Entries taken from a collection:
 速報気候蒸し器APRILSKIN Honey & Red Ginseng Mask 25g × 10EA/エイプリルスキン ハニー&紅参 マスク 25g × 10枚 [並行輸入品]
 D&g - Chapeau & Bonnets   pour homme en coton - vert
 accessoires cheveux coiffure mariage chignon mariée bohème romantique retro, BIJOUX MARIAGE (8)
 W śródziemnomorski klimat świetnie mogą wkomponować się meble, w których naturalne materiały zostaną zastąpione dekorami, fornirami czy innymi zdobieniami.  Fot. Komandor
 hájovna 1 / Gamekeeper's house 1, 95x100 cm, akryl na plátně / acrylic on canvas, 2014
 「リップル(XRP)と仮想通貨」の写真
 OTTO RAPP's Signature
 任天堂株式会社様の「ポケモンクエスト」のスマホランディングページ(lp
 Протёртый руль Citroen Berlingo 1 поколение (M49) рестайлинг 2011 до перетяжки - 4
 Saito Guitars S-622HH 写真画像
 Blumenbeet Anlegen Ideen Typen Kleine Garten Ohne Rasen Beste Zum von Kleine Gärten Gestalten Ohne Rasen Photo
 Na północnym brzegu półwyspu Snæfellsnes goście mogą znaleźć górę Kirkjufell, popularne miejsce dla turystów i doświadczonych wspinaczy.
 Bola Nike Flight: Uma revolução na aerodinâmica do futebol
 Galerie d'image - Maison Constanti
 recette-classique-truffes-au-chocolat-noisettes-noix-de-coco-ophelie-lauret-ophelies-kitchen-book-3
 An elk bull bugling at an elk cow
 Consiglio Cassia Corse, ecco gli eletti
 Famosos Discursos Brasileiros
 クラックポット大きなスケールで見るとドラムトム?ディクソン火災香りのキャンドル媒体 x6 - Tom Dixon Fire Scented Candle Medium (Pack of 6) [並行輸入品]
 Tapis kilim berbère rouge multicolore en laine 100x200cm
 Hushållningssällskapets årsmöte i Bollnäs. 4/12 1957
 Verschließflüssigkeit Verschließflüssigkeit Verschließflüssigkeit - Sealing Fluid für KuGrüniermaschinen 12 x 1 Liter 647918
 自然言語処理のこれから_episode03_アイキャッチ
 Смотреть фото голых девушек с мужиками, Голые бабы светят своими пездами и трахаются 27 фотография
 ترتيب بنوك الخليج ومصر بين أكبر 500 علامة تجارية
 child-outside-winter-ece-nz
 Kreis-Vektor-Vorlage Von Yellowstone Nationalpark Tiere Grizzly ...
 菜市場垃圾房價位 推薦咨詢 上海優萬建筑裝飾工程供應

#### TASK GOAL
The word is "mogą". Copy every line above where it appears.

#### RESPONSE FOR THIS EXERCISE
 W śródziemnomorski klimat świetnie mogą wkomponować się meble, w których naturalne materiały zostaną zastąpione dekorami, fornirami czy innymi zdobieniami.  Fot. Komandor
 Na północnym brzegu półwyspu Snæfellsnes goście mogą znaleźć górę Kirkjufell, popularne miejsce dla turystów i doświadczonych wspinaczy.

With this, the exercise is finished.